* [Prompt]:
Please transcribe exactly, and only, the lines of the data below between the line holding "Portugal - 100 escudos - 1987 - Nuno Tristão" and the line holding "最新版■酒井抱一■寒果実図■", inclusive.
● ● ● ● ●
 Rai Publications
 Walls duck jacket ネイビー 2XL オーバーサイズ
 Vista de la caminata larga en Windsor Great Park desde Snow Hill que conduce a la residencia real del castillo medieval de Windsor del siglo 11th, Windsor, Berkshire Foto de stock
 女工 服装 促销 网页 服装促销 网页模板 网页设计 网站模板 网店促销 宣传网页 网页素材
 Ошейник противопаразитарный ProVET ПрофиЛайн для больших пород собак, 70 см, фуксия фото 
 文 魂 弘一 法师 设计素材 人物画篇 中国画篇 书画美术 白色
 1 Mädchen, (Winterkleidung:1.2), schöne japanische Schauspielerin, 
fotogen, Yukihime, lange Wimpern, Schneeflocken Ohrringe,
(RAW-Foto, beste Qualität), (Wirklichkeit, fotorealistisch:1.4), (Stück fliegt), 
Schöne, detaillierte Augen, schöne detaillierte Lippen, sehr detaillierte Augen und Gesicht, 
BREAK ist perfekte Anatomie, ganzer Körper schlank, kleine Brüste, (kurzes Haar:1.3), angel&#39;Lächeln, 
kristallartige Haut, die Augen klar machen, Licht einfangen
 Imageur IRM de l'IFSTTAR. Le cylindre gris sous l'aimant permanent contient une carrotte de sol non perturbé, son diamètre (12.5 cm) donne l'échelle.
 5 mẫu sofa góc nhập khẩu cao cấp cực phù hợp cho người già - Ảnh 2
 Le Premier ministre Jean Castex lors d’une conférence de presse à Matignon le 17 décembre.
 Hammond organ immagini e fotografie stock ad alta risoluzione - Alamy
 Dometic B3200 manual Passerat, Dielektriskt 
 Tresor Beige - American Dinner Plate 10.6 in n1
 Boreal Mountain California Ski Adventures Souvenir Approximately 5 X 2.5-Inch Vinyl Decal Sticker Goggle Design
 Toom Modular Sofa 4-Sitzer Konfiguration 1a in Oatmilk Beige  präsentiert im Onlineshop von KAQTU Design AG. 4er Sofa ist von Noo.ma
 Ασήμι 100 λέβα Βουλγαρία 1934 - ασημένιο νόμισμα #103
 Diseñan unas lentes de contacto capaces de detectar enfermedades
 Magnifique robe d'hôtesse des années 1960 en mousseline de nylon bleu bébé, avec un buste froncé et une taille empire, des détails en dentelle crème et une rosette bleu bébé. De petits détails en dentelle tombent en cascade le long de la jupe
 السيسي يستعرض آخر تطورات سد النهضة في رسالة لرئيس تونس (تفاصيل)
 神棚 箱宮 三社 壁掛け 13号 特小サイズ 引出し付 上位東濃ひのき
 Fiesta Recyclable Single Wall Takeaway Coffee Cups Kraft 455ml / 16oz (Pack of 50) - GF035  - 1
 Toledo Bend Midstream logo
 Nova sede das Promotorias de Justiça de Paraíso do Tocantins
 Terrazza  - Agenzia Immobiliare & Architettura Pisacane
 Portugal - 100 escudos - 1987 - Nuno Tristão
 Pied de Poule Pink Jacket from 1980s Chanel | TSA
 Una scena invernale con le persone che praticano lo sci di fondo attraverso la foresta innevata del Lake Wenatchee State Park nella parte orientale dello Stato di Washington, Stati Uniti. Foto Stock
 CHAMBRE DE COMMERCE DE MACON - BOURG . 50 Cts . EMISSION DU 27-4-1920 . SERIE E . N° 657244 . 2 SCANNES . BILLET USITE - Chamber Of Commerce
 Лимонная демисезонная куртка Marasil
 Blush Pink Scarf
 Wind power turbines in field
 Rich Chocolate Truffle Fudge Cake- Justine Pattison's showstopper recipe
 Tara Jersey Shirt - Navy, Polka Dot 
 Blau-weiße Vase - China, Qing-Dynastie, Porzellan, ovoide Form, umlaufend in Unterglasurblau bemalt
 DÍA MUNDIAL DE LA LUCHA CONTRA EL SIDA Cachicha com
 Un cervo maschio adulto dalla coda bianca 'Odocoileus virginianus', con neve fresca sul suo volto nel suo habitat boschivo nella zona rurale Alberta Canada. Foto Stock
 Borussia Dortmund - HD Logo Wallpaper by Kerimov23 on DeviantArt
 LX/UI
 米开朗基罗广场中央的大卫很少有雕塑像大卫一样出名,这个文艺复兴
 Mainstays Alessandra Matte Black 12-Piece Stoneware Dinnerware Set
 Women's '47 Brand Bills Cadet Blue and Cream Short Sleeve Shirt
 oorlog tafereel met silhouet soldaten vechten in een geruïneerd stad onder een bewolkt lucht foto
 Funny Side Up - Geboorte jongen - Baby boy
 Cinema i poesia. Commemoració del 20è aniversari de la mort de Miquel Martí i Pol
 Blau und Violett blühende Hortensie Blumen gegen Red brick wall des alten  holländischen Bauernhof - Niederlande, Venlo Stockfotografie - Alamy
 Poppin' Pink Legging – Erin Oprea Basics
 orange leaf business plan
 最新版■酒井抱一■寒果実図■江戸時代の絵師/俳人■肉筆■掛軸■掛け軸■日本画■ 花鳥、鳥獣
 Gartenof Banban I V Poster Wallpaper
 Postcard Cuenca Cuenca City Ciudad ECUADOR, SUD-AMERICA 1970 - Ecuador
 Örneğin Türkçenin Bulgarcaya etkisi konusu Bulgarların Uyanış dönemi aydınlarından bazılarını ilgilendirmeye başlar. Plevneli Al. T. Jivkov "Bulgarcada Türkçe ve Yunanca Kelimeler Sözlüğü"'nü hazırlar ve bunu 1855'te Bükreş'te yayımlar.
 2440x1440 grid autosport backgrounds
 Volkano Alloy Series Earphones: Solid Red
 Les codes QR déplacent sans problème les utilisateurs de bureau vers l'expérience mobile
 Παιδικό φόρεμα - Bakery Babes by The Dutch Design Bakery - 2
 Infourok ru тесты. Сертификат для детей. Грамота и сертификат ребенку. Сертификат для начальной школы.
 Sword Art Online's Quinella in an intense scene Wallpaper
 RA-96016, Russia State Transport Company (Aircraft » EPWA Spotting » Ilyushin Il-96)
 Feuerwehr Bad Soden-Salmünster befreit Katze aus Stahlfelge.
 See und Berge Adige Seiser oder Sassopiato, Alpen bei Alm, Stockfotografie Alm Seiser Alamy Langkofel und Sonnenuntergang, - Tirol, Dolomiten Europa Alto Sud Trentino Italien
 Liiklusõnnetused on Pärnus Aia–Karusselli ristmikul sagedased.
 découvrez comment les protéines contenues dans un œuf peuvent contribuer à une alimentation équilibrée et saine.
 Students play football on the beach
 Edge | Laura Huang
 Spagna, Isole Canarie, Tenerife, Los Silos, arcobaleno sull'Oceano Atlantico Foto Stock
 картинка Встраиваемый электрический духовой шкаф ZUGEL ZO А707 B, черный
● ● ● ● ●
* [Answer box]:
 Portugal - 100 escudos - 1987 - Nuno Tristão
 Pied de Poule Pink Jacket from 1980s Chanel | TSA
 Una scena invernale con le persone che praticano lo sci di fondo attraverso la foresta innevata del Lake Wenatchee State Park nella parte orientale dello Stato di Washington, Stati Uniti. Foto Stock
 CHAMBRE DE COMMERCE DE MACON - BOURG . 50 Cts . EMISSION DU 27-4-1920 . SERIE E . N° 657244 . 2 SCANNES . BILLET USITE - Chamber Of Commerce
 Лимонная демисезонная куртка Marasil
 Blush Pink Scarf
 Wind power turbines in field
 Rich Chocolate Truffle Fudge Cake- Justine Pattison's showstopper recipe
 Tara Jersey Shirt - Navy, Polka Dot 
 Blau-weiße Vase - China, Qing-Dynastie, Porzellan, ovoide Form, umlaufend in Unterglasurblau bemalt
 DÍA MUNDIAL DE LA LUCHA CONTRA EL SIDA Cachicha com
 Un cervo maschio adulto dalla coda bianca 'Odocoileus virginianus', con neve fresca sul suo volto nel suo habitat boschivo nella zona rurale Alberta Canada. Foto Stock
 Borussia Dortmund - HD Logo Wallpaper by Kerimov23 on DeviantArt
 LX/UI
 米开朗基罗广场中央的大卫很少有雕塑像大卫一样出名,这个文艺复兴
 Mainstays Alessandra Matte Black 12-Piece Stoneware Dinnerware Set
 Women's '47 Brand Bills Cadet Blue and Cream Short Sleeve Shirt
 oorlog tafereel met silhouet soldaten vechten in een geruïneerd stad onder een bewolkt lucht foto
 Funny Side Up - Geboorte jongen - Baby boy
 Cinema i poesia. Commemoració del 20è aniversari de la mort de Miquel Martí i Pol
 Blau und Violett blühende Hortensie Blumen gegen Red brick wall des alten  holländischen Bauernhof - Niederlande, Venlo Stockfotografie - Alamy
 Poppin' Pink Legging – Erin Oprea Basics
 orange leaf business plan
 最新版■酒井抱一■寒果実図■江戸時代の絵師/俳人■肉筆■掛軸■掛け軸■日本画■ 花鳥、鳥獣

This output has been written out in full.